After posting on Facebook earlier this month on her cat’s death, Jakus had a flood of responses. One person gave her a florescent plastic child with the words “slow” imprinted on its body. Jakus puts it up in front of her house when her three-year-old daughter is home. She said it does make motorists slow down. (Liam Harrap/Revelstoke Review)

‘People act like it’s a speedway’: owner of struck cat wants people to slow down

Stormy was killed by a vehicle earlier this month along Airport Way

Lindsay Jakus said she still hears Stormy meowing at the backdoor. She’ll go to let her in, like she has for the past three years. Momentarily forgetting that something’s missing.

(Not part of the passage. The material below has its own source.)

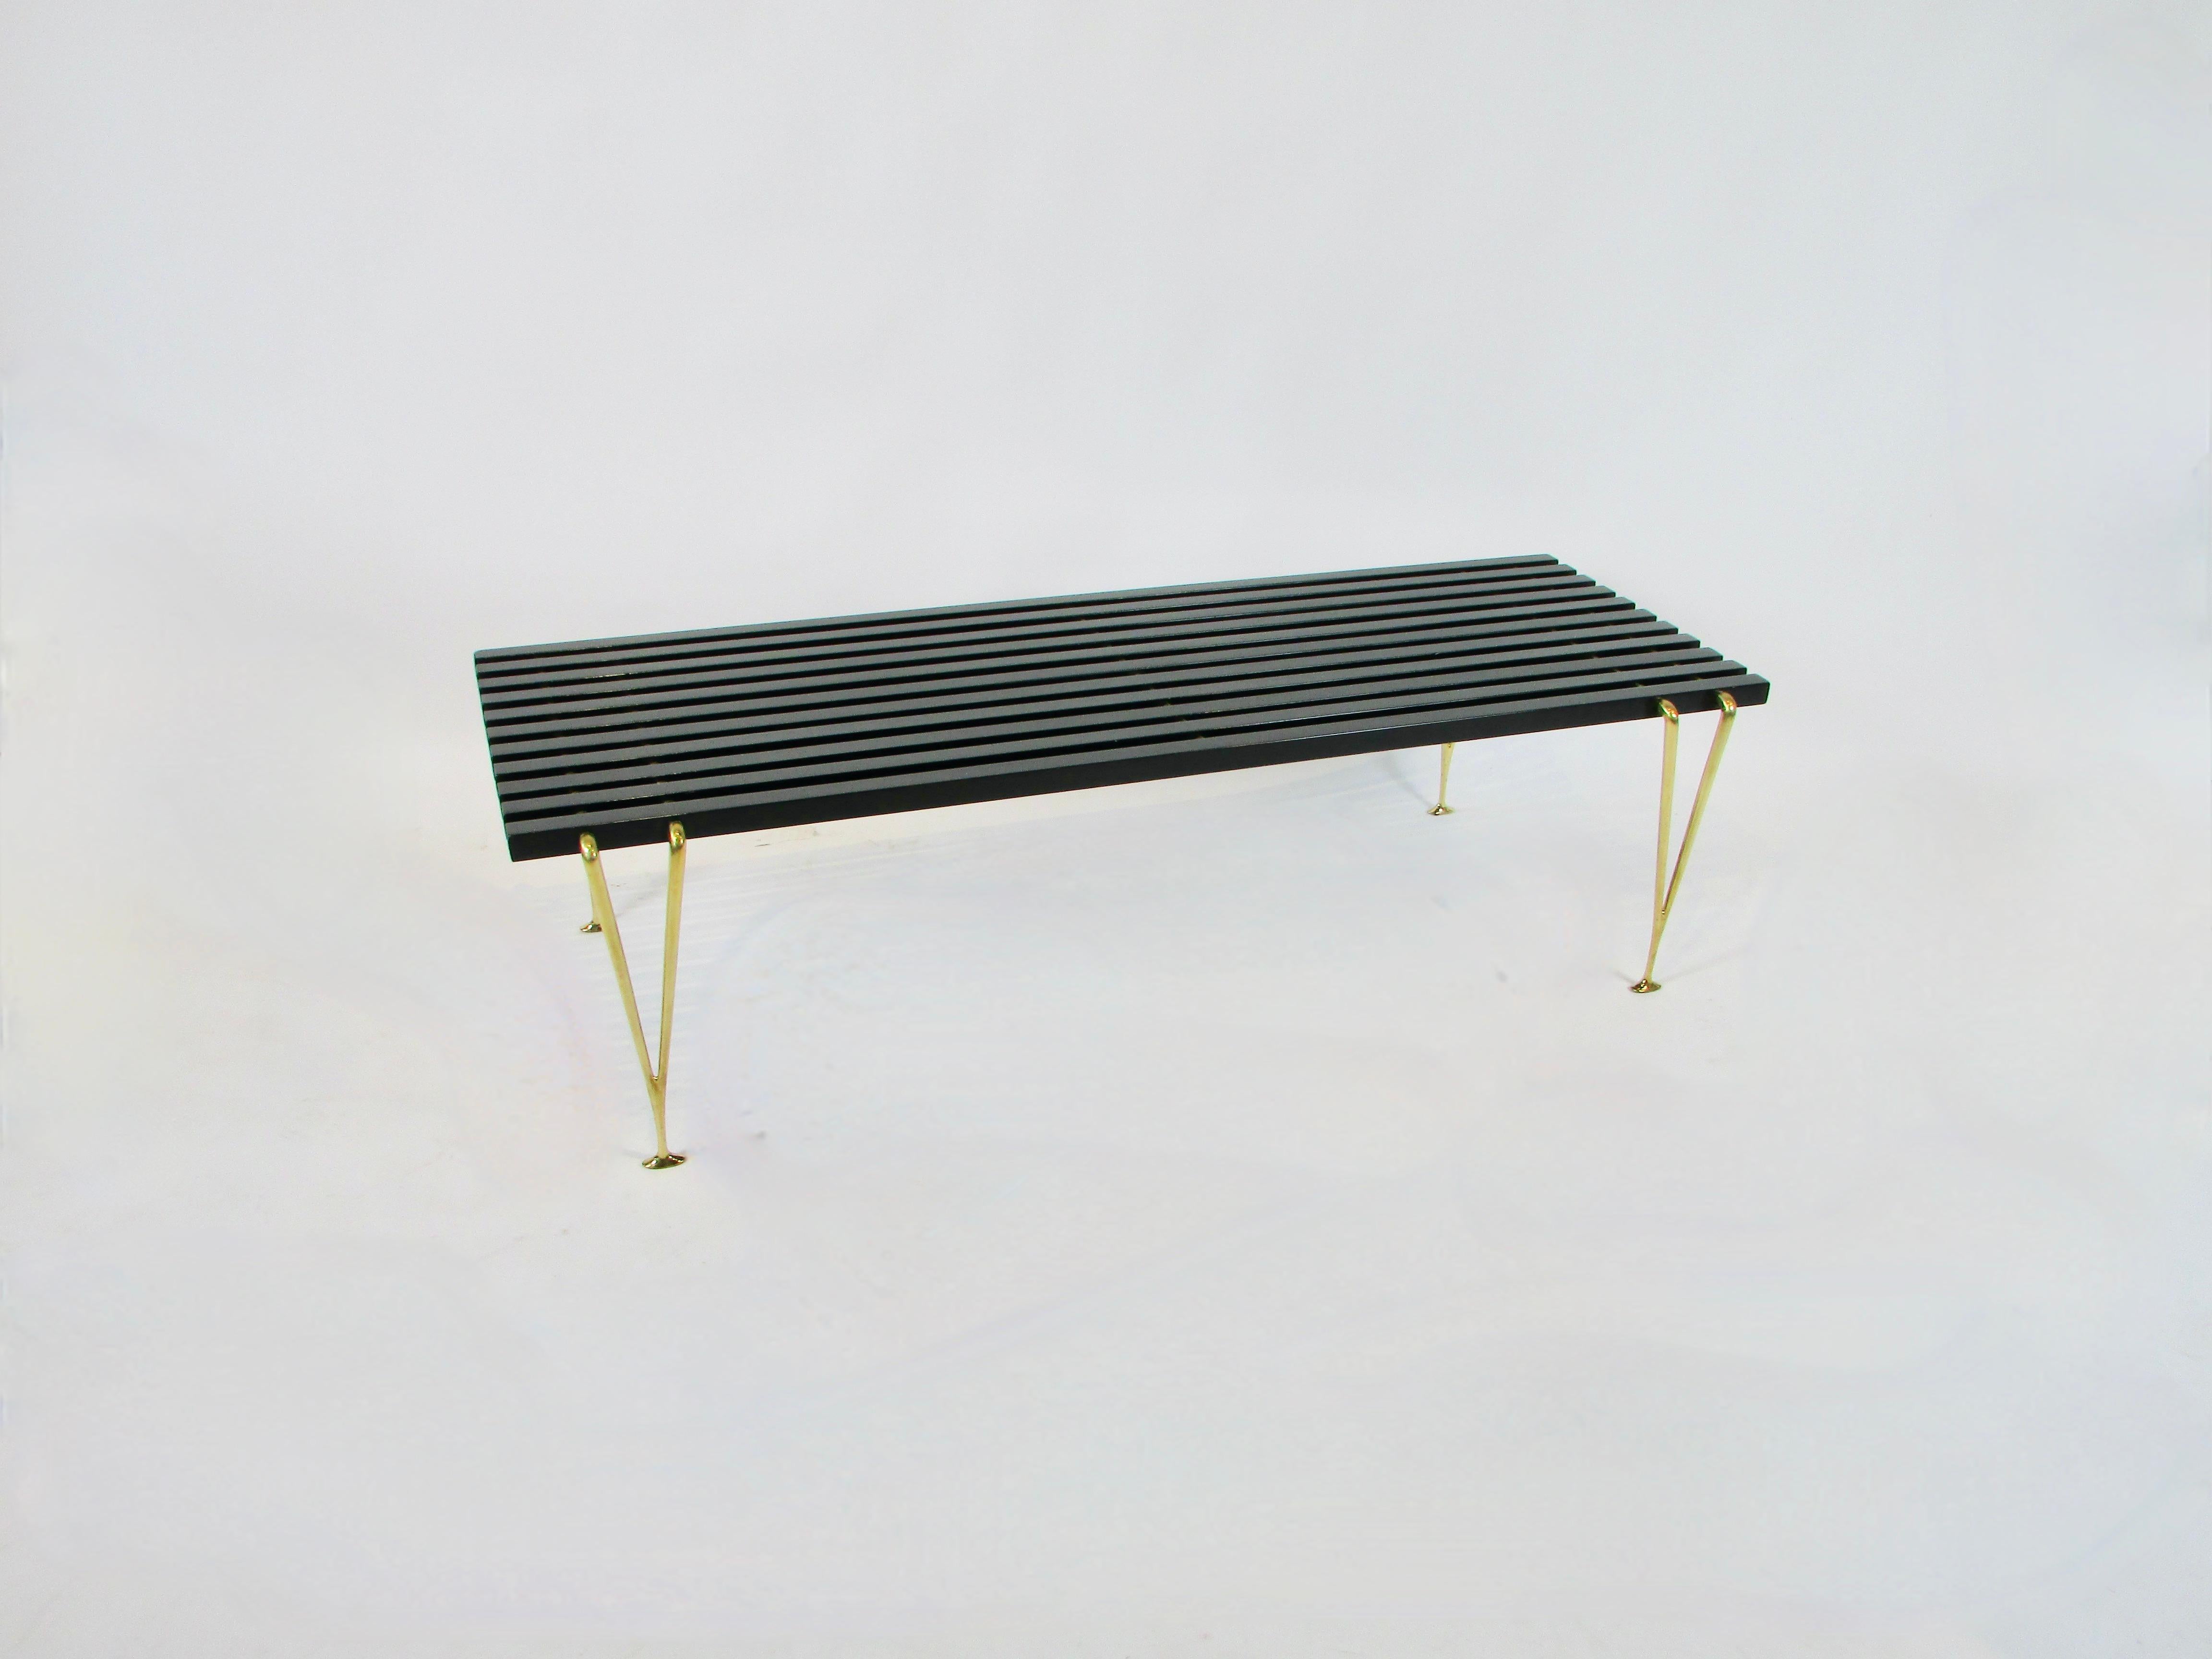 Slat  bench, designed and produced by Hugh Acton studio  / Hugh Acton Inc. Kalamazoo, Michigan, c. 1954. Black lacquered slats joined together with brass rod supported by polished brass legs .

“I’ll get to the door and realize she’s not there,” said Jakus on her porch. Behind her cars zoom past on Airport Way, near the turnoff to Williamson Lake.

It was on this stretch of road a vehicle struck and killed Stormy earlier this month. The driver did not stop.

Jakus was at work at the time and a neighbour found the lifeless cat.

She knew there was a risk letting her cat go outside, but Jakus said she couldn’t deny Stormy that right.

Jakus said Stormy was a wild cat. She like her time outside, exploring. (Submitted)

“She was a wild cat. She loved the outdoors. It’s a bit of a jungle out here.”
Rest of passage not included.